» Goal of the exercise: Transcribe exactly, and without pictures, the lines from the one that contains "(Dpa) - die" through the last line of the material.

» Information supplied:
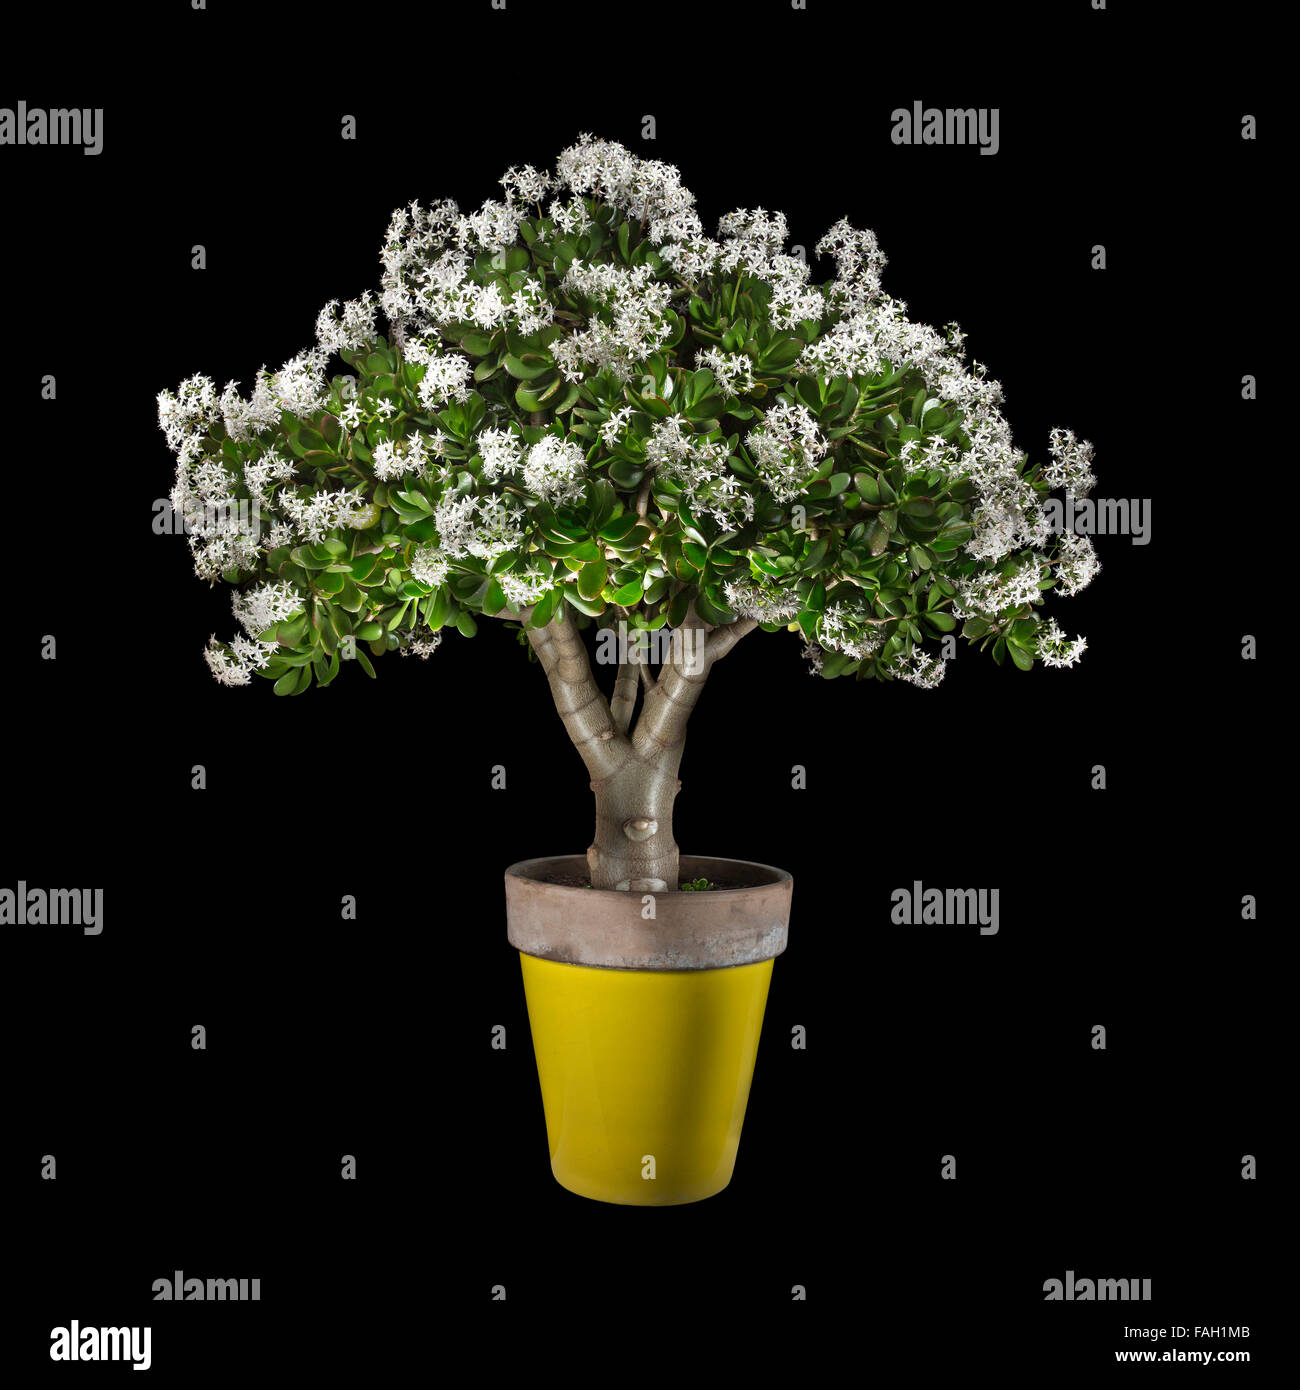 Eine Topfpflanze von einer blühenden Crassula Ovata, allgemein bekannt als Jade-Anlage, fotografiert im Studio auf einem schwarzen Hintergrund. Stockfoto
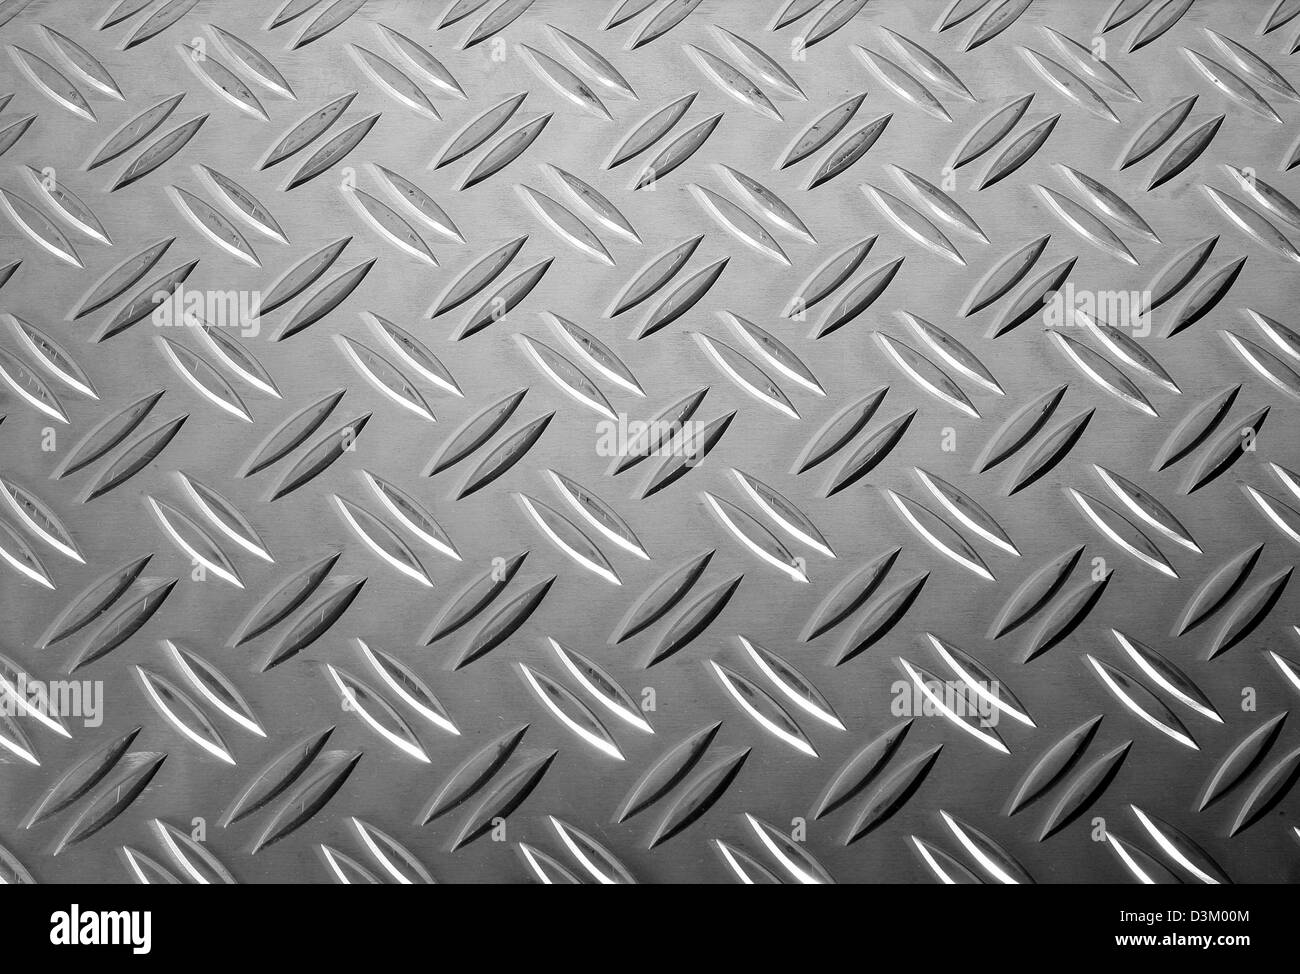 (Dpa) - die Bild-Shóws Anti-Rutsch-Stein-Platte, die als Beschichtung für Böden und Treppen verwendet wird im Bild 22. August 2005. Foto: Heiko Wolfraum Stockfoto
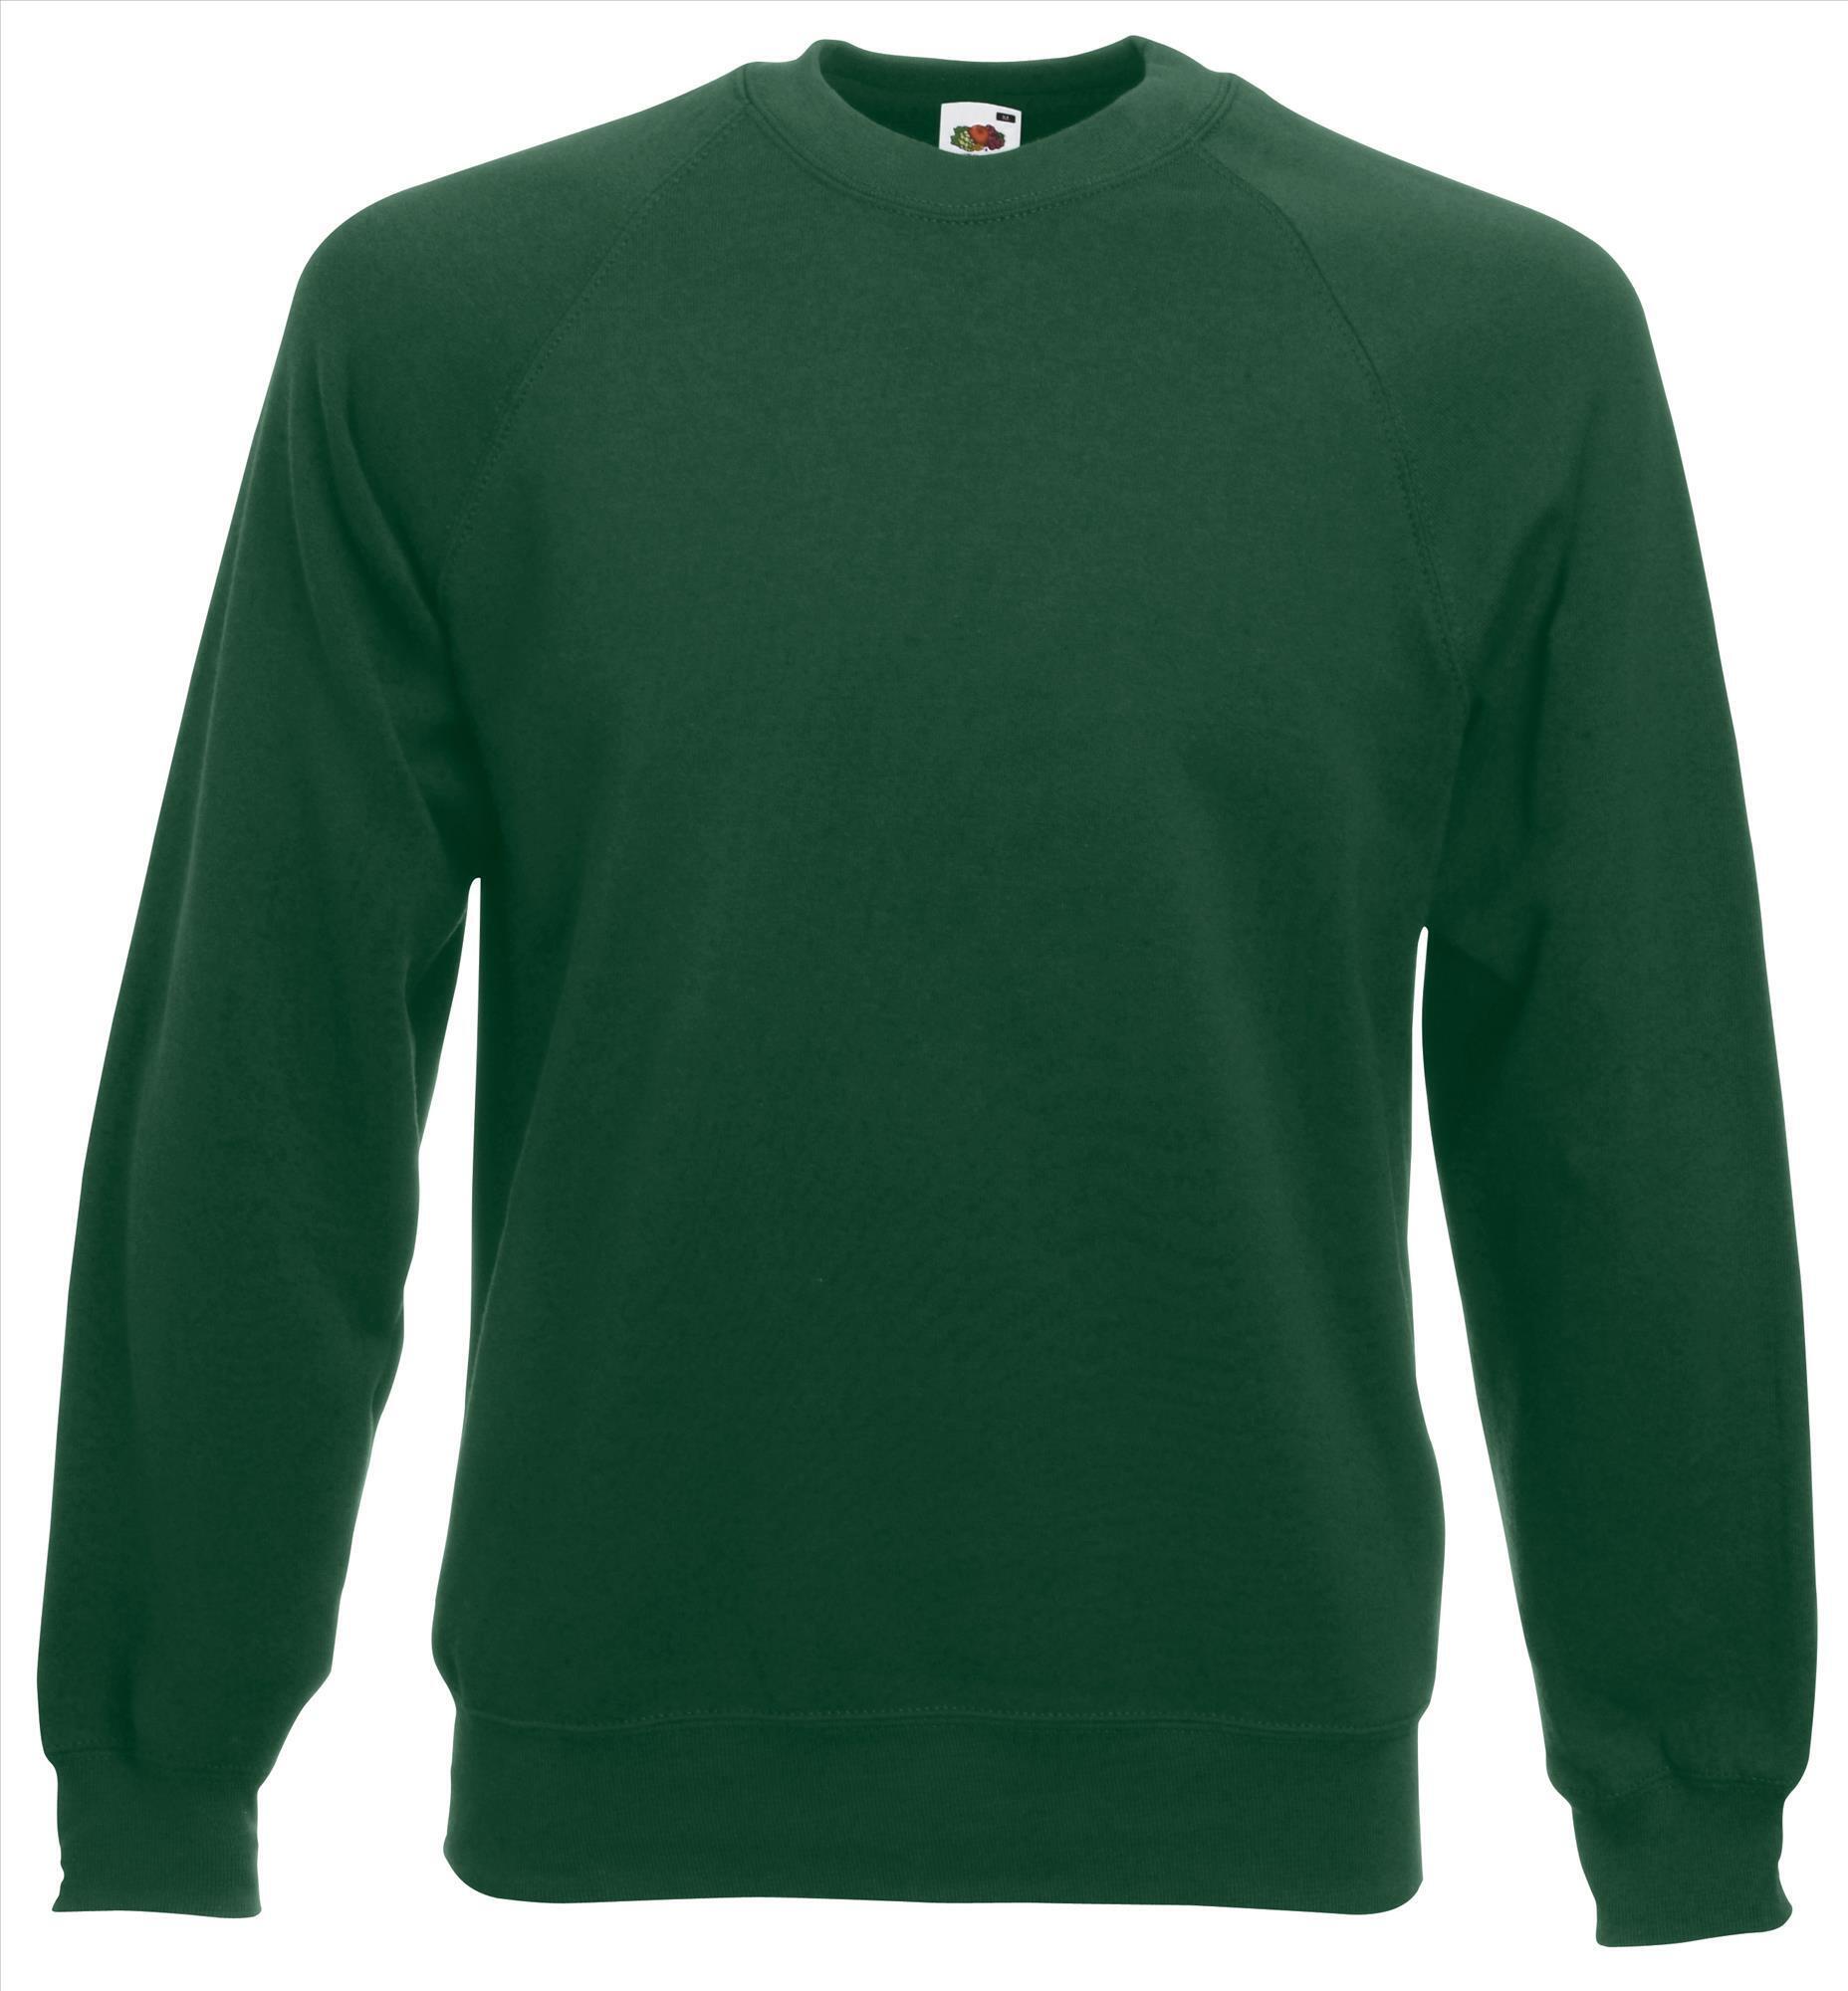 Sweater flessengroen voor mannen bedrukbaar te personaliseren sweatshirts

» Response for this exercise:
 (Dpa) - die Bild-Shóws Anti-Rutsch-Stein-Platte, die als Beschichtung für Böden und Treppen verwendet wird im Bild 22. August 2005. Foto: Heiko Wolfraum Stockfoto
 Sweater flessengroen voor mannen bedrukbaar te personaliseren sweatshirts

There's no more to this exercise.